Alors, Liv propose, sur son compte Instagram, de faire un live pour en discuter avec ses collègues. C’est ici que l’histoire s’enclenche. Car le geste de Liv fait signe vers une réflexion en cours côté CGT. « Au moment où je tombe sur la story de Liv, on se disait en interne au syndicat qu’il fallait qu’on fasse quelque chose », raconte Tristan Ihn, délégué général du SFA-CGT. « Alors je lui ai proposé que le SFA-CGT soit le lieu de ces réflexions », explique-t-il. « On a déjà quelques individualités qui sont syndiquées, notamment pour des aides juridiques contre des employeurs ».
C’est que le métier de drag, s’il existe depuis très longtemps, a énormément évolué depuis l’arrivée de Drag Race France. « C’est un énorme boom », confirme Liv, « et c’est pour cela qu’il faut vite encadrer le métier, avant qu’il ne soit trop tard ».
Cette nouvelle donne a bien sûr suscité l’émergence massive de figures drag. Mais dans un paysage professionnel dépourvu de cadre et où l’information est rare, beaucoup se tournent vers le statut d’auto-entrepreneur, en délaissant l’intermittence du spectacle. « Le problème, c’est qu’en faisant cela, personne ne cotise. L’intermittence, c’est aussi de la solidarité pour toustes, donc j’en appelle à la vigilance de toutes les artistes. Et puis, pour un milieu qui se dit très politique, l’autoentreprise, ce n’est pas très militant, très anticapitaliste ni très solidaire », glisse-t-elle.
Autre urgence pour la drag king : 2027. « Je ne suis pas sûr qu’avec la droite ou l’extrême droite au pouvoir, on pourra continuer librement. Donc d’ici-là, autant travailler pour avoir quelques lignes de droits, et pouvoir lutter collectivement si besoin ».
Groupes de travail
Le 11 juin apparaît donc comme un premier jalon. Plus qu’une réunion pour syndiquer les drags, il s’agissait avant tout de constituer de groupes de travail, apte à s'emparer des problématiques du métier. « Maintenant, nous avons deux axes de travail », reprend Tristan : « D’abord, institutionnel, c’est-à-dire trouver la bonne convention collective, et faire bouger les lignes. Puis, plus immédiat, travailler sur une charte inspirée de celle des auteurs-plasticiens. Elle n’a pas de valeur légale, mais s’il y a assez de nombre, cela apporte un rapport de force, en attendant une convention collective ». Si le SFA-CGT se méfie des chartes qui n’ont pas de poids juridique, « C’est un bon point de départ, cela permet de dire : ‘On a décidé collectivement de tel tarif’ », concède Tristan.

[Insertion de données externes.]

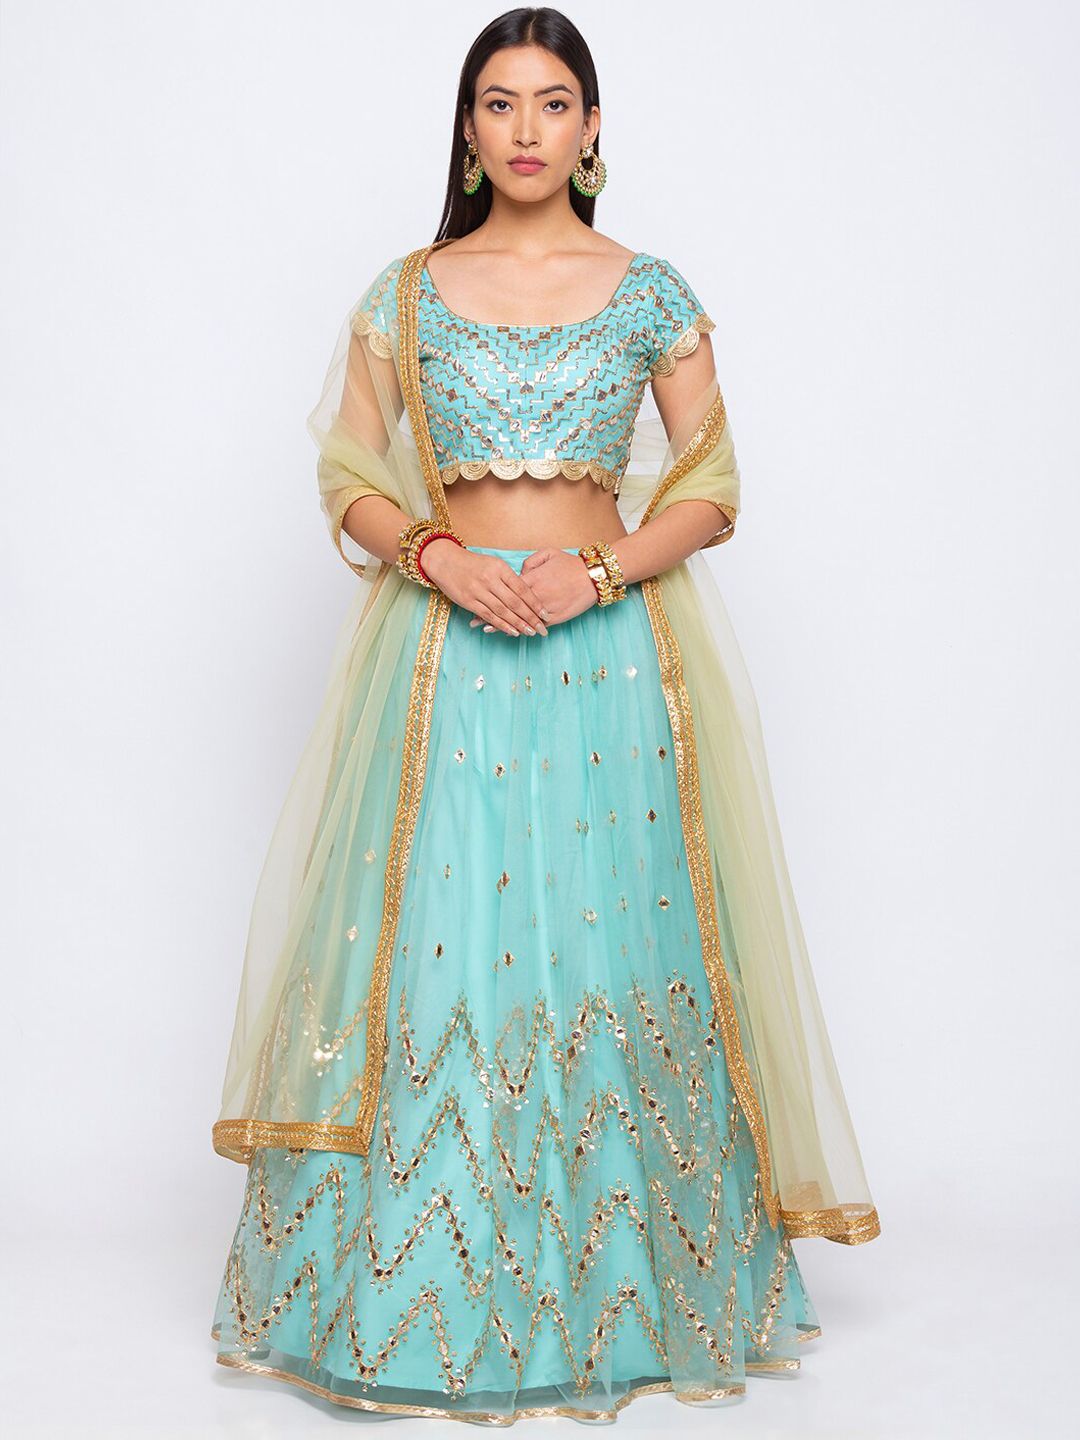 6Y COLLECTIVE Turquoise Blue & Gold-Toned Semi-stitched Lehenga-unstitched blouse &dupatta Price in India

Après ce 11 juin, des groupes de travail sont en train d’être créés. « Il y en aura sur la rémunération, sur les conditions de travail, sur l’inclusivité…» égrène Liv, qui sera coordinatrice de ce projet. « Je veux pouvoir aller aux négociations en tant que porte-parole des artistes avec qui je suis en lien et qui me font confiance », lâche-t-elle.

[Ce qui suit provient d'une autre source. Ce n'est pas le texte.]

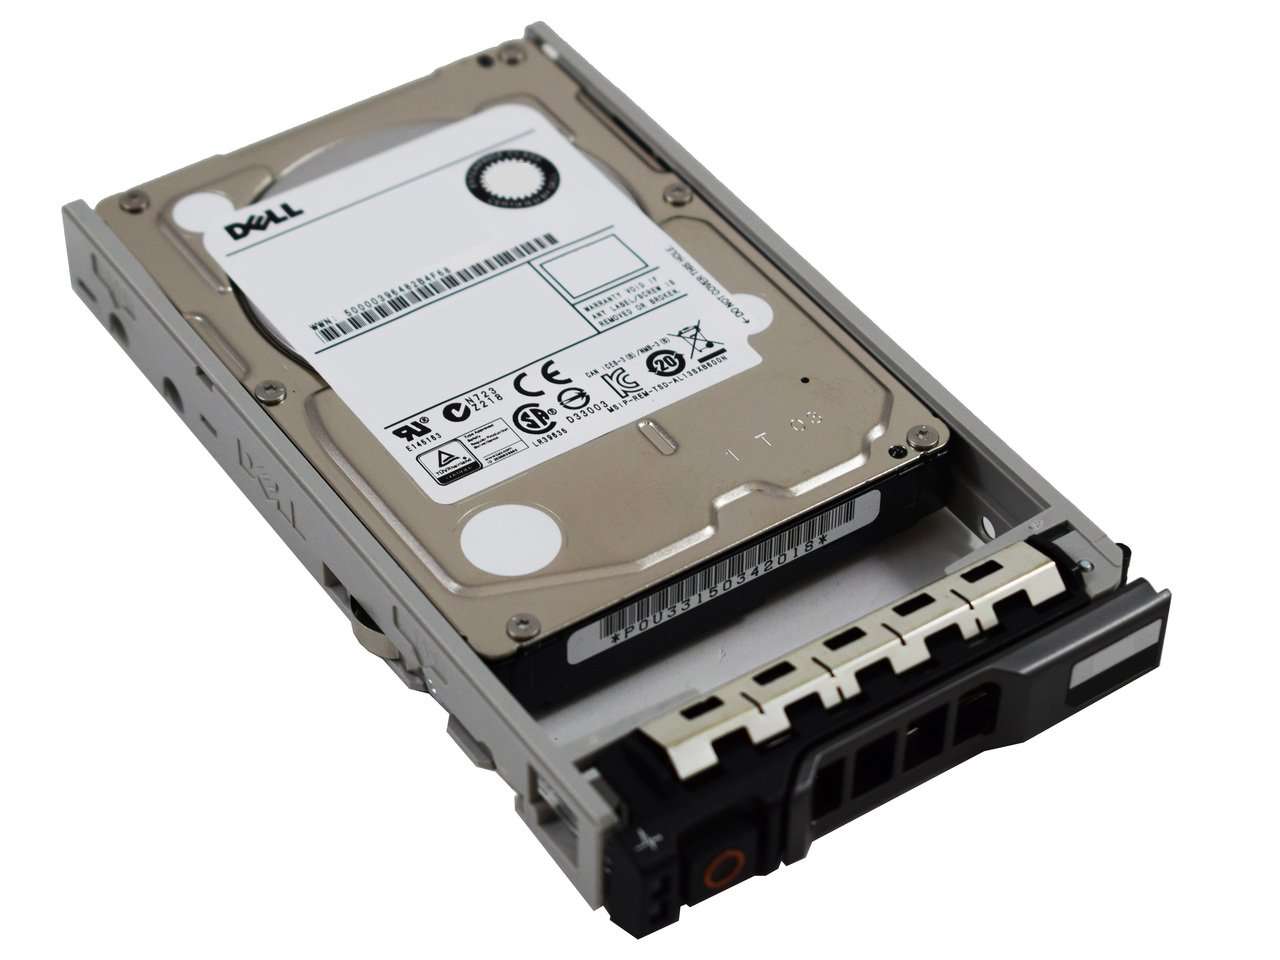 Dell G13 400-AGII 600GB 15K RPM SAS 6Gb/s 512n 2.5" Manufacturer Recertified HDD

Tristan note : « On a eu des échos de pratiques très graves de la part d'employeurs d’artistes drags. Maintenant, avec des syndiqués, cela vous nous permettre de créer des contentieux, de fournir des connaissances juridiques et des ressources financières ». « Avant, on ne savait pas trop qui appeler. Maintenant, on sait qu’en cas de besoin, un appel, et on a le SFA-CGT au soutien », conclut Liv.